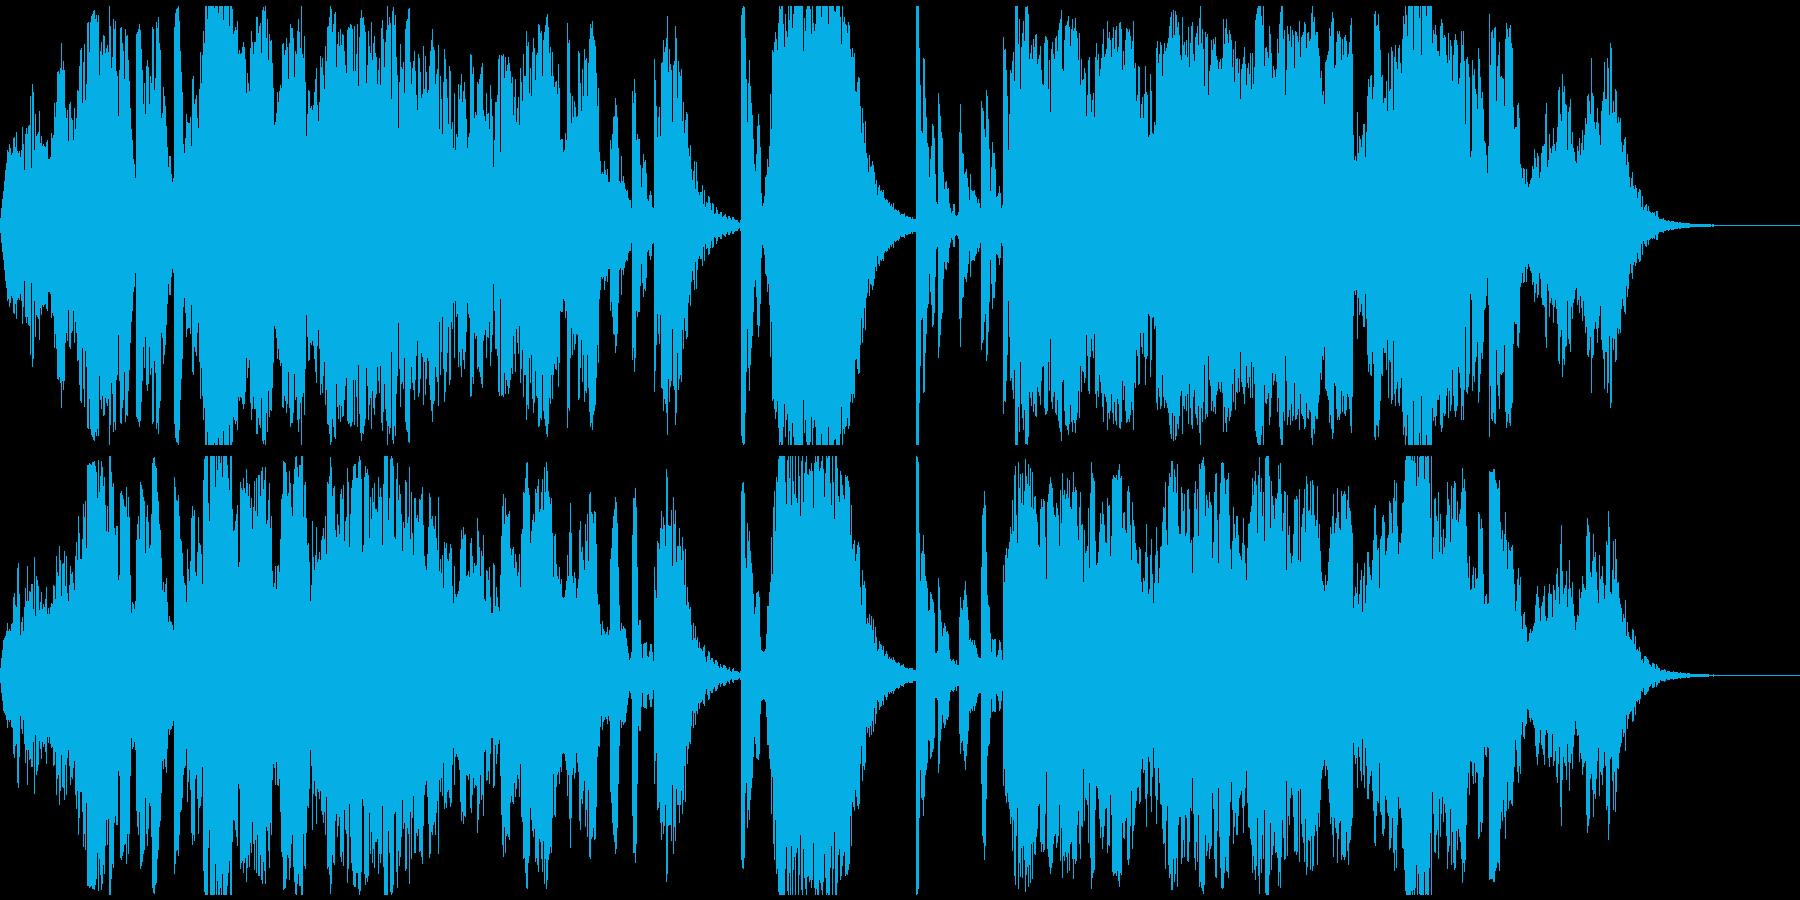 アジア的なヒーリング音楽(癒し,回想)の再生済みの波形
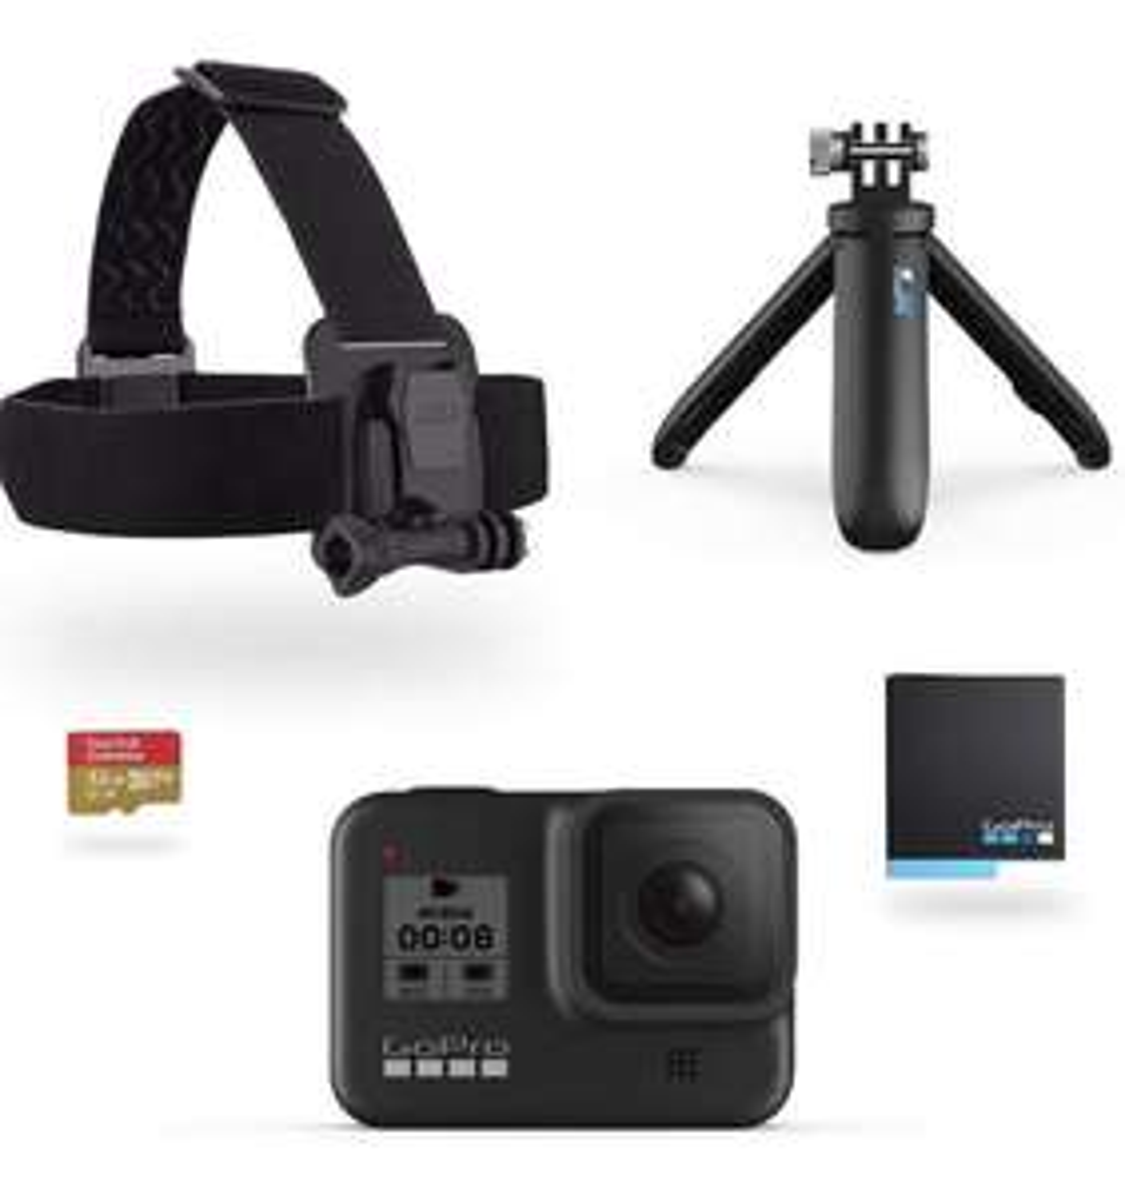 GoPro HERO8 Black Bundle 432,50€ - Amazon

* * *

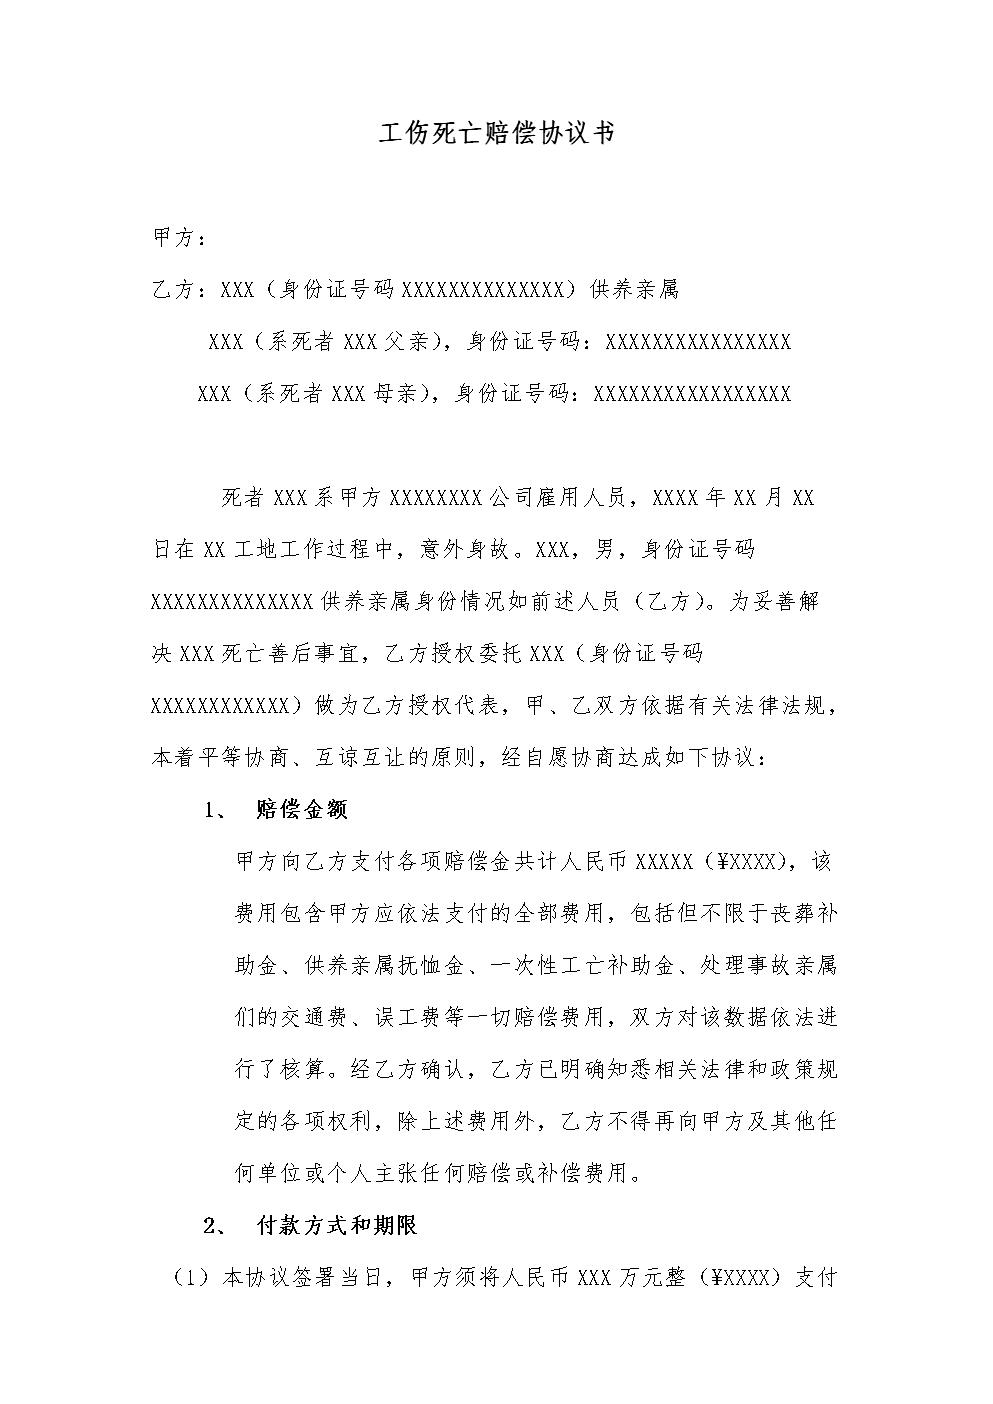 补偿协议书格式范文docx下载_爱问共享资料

__Exercise instructions__: Copy word for word only the lines above from the one with "アジア的なヒーリング音楽(癒し,回想)の再生済みの波形" through the one with "GoPro HERO8 Black Bundle 432,50€ - Amazon". Leave pictures out.

__Written solution__:
 アジア的なヒーリング音楽(癒し,回想)の再生済みの波形
 GoPro HERO8 Black Bundle 432,50€ - Amazon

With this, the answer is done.